INFORMATION GIVEN:
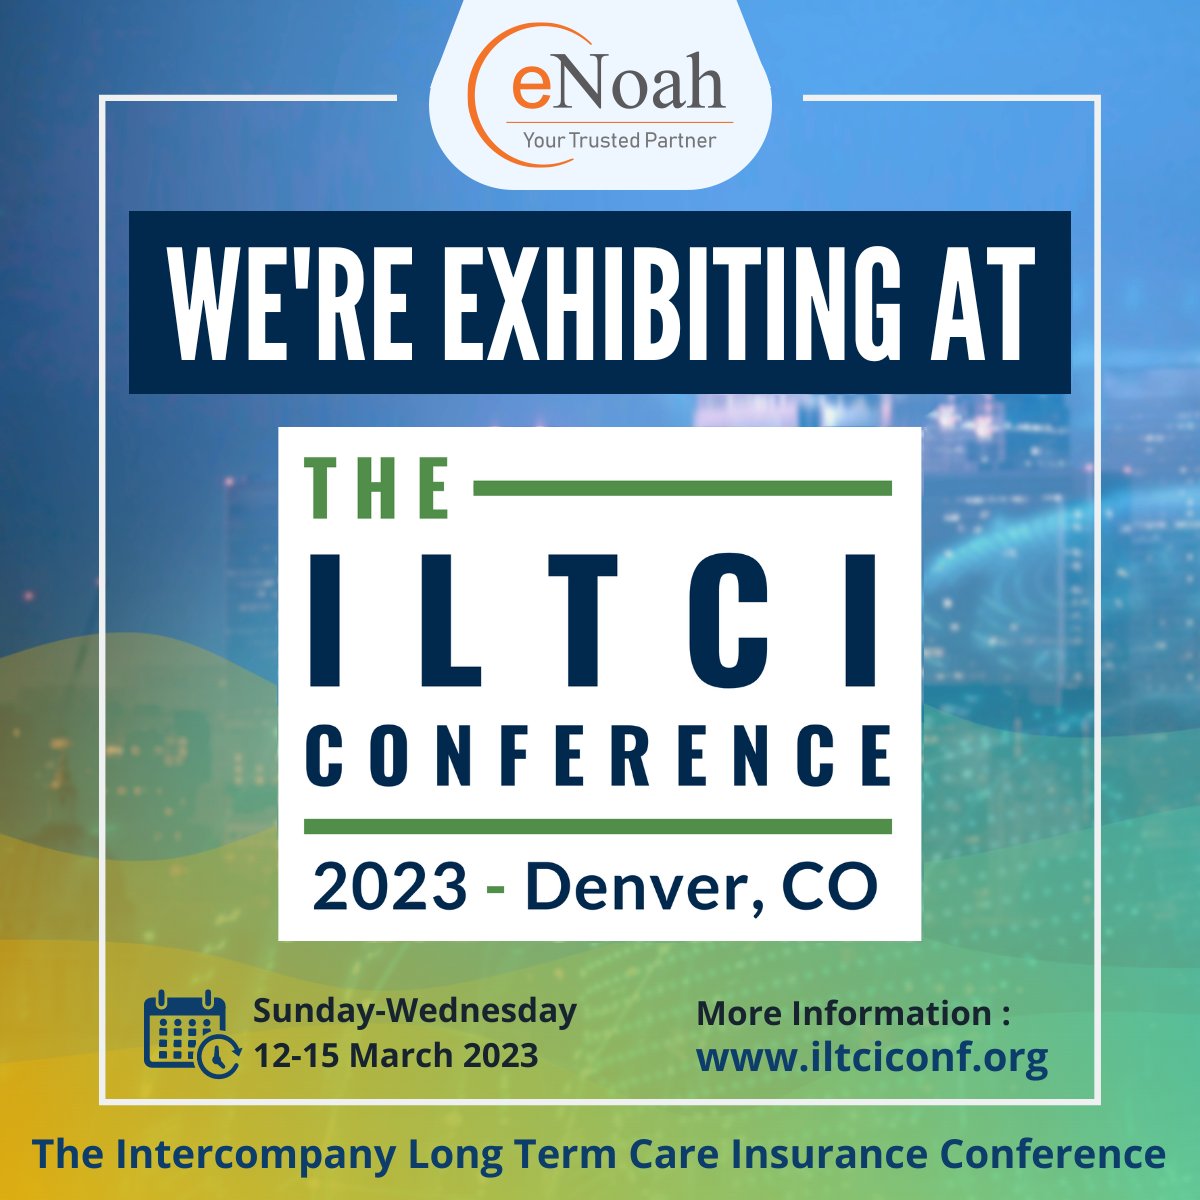 eNoah is excited and proud to be an @ILTCI exhibitor, looking forward to meeting you all in Denver on 12-15 March 2023.
#iltci #iltci2023 #ltc #longtermcare #tech #iltci #Insurance #backofficesupport #itservices
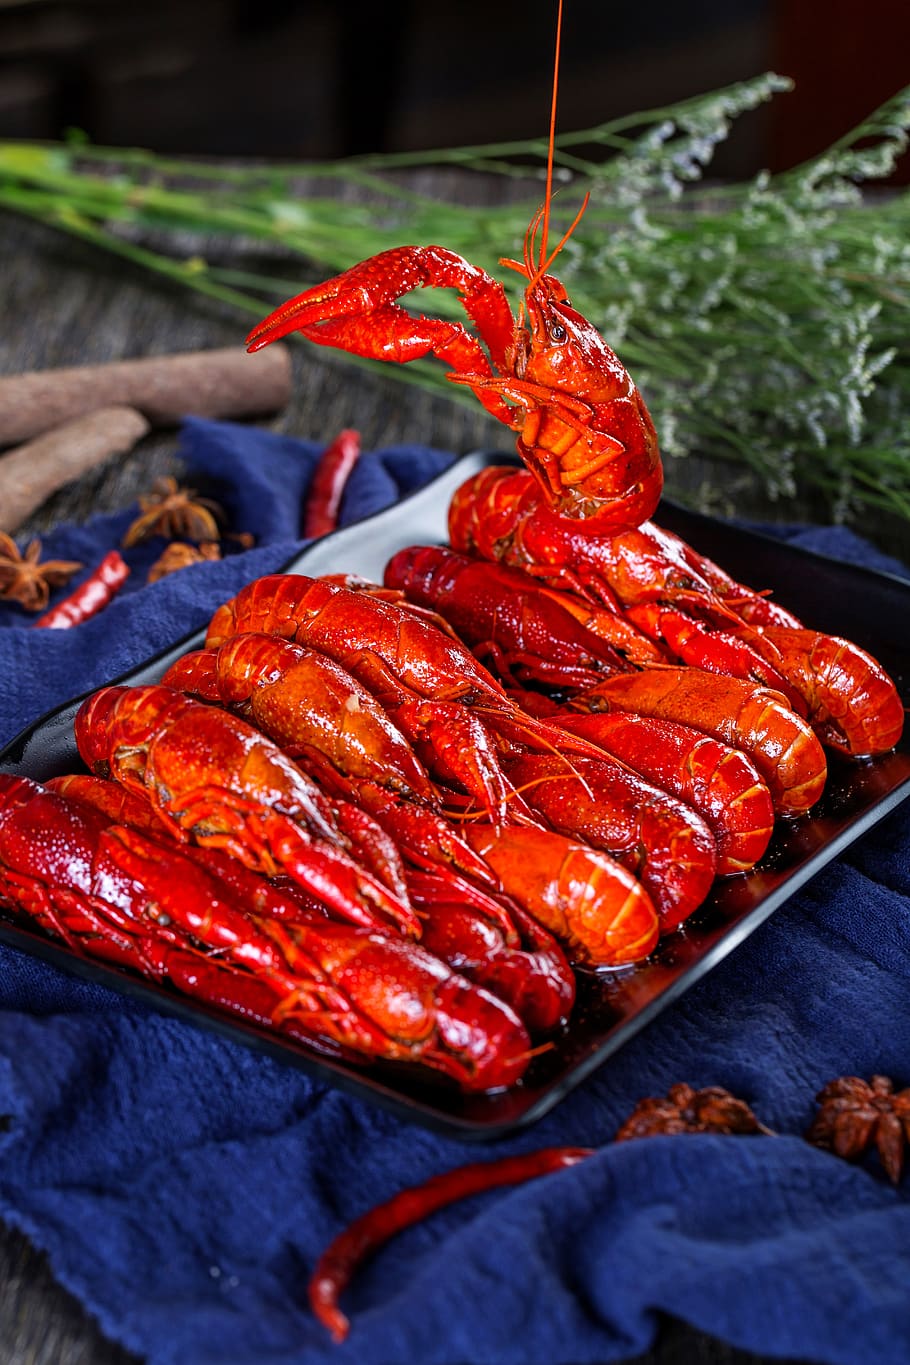 crayfish, shrimp inspector gadget, food and drink, food, red, freshness, crustacean, close-up, seafood, wellbeing
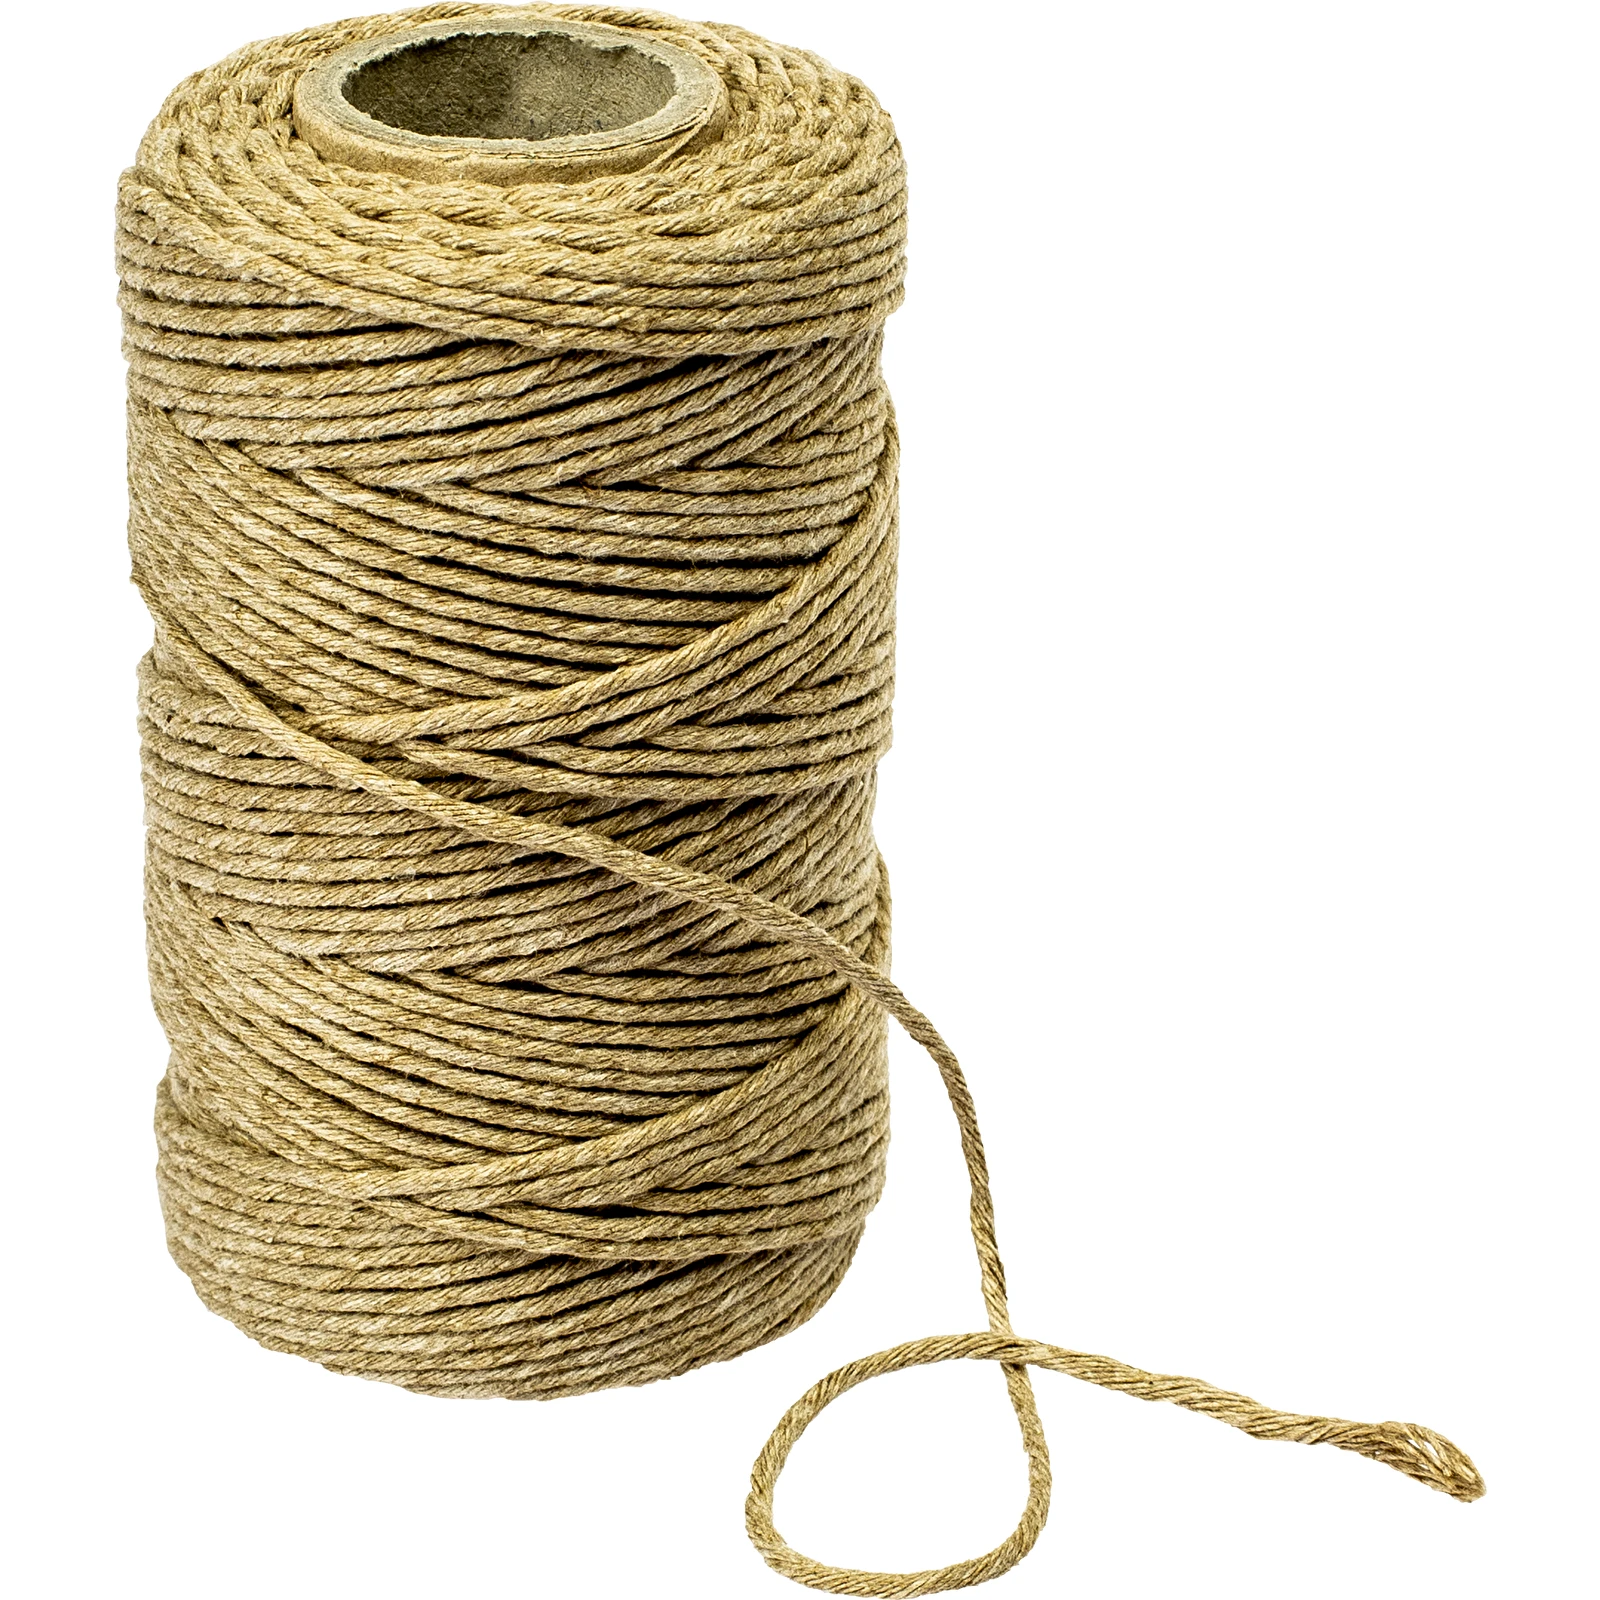 https://browin.com/static/images/1600/grey-cotton-twine-string-for-meat-tying-240-c-75-m-310204.webp
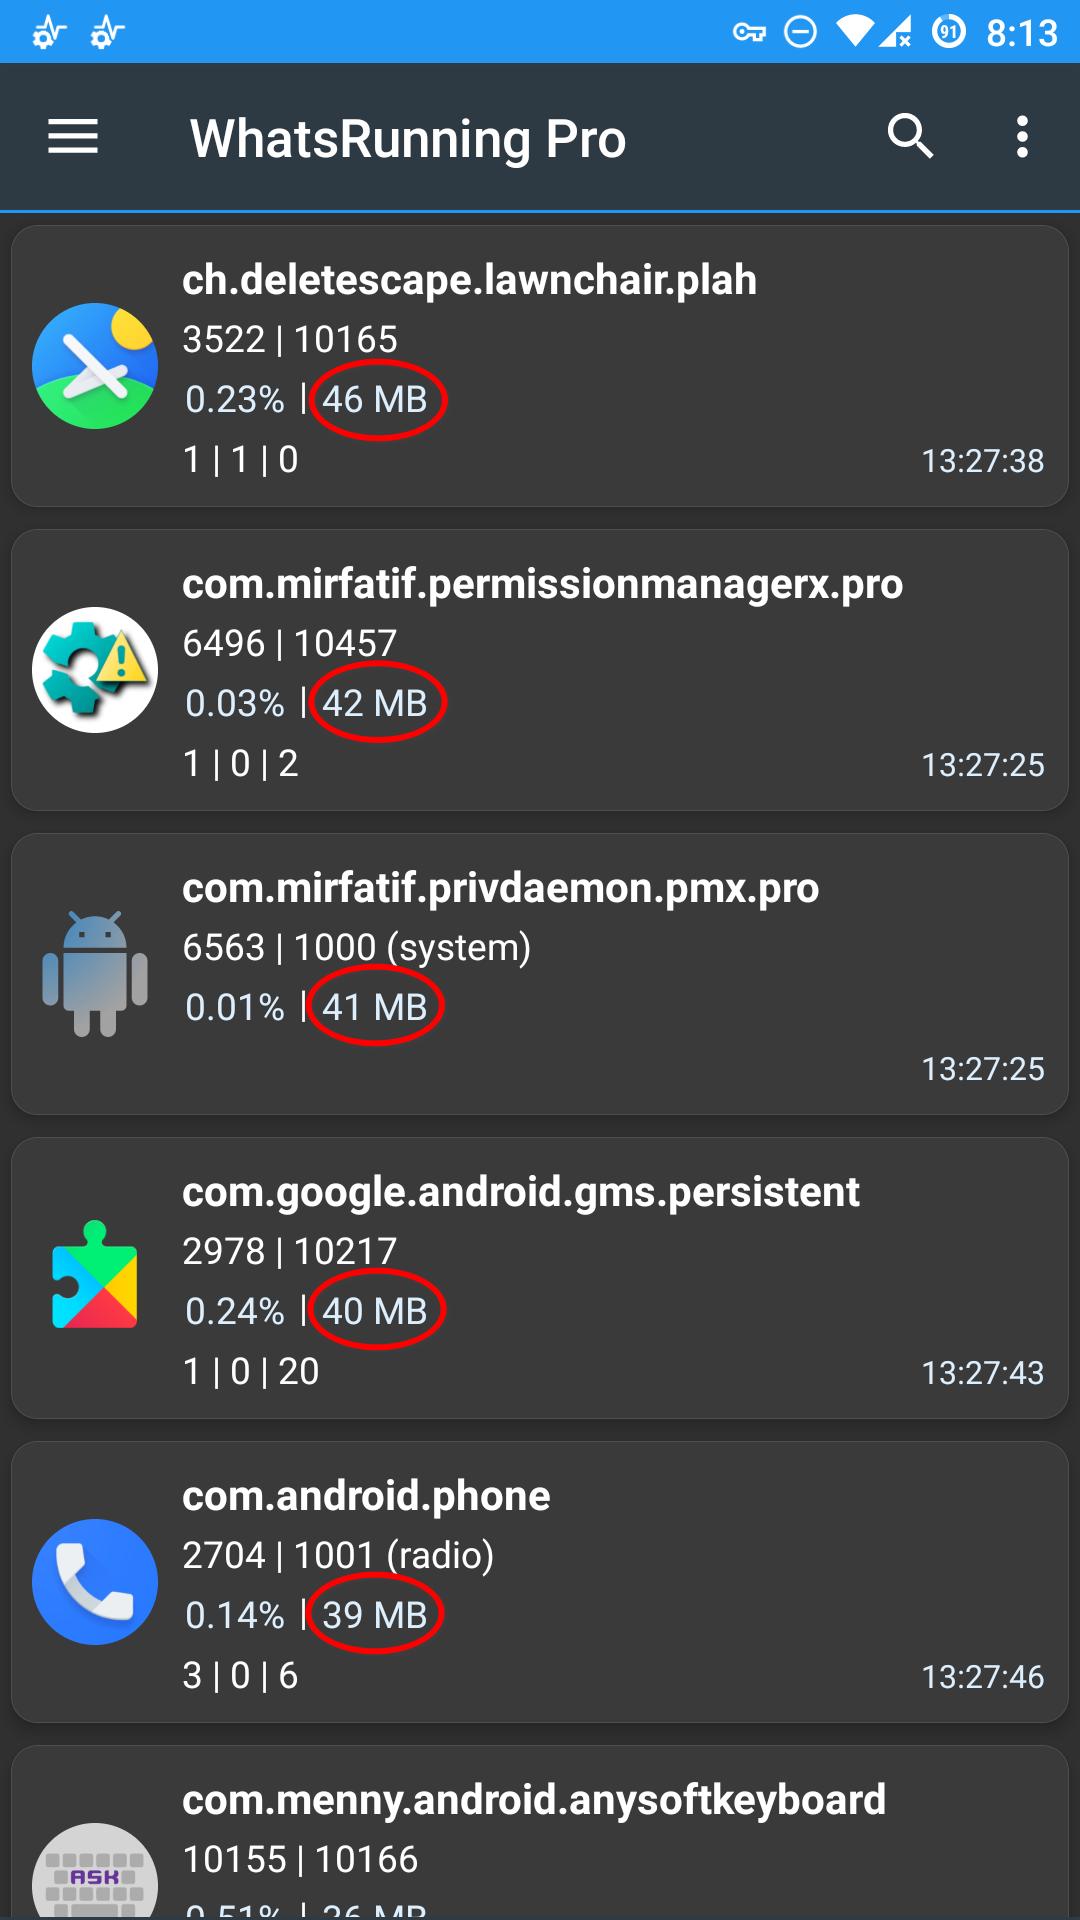 Android RAM usage per process

WHAT IS BEING ASKED: An exact copy of the material is required, minus the pictures.

EXPECTED ANSWER:
 eNoah is excited and proud to be an @ILTCI exhibitor, looking forward to meeting you all in Denver on 12-15 March 2023.
#iltci #iltci2023 #ltc #longtermcare #tech #iltci #Insurance #backofficesupport #itservices
 crayfish, shrimp inspector gadget, food and drink, food, red, freshness, crustacean, close-up, seafood, wellbeing
 https://browin.com/static/images/1600/grey-cotton-twine-string-for-meat-tying-240-c-75-m-310204.webp
 Android RAM usage per process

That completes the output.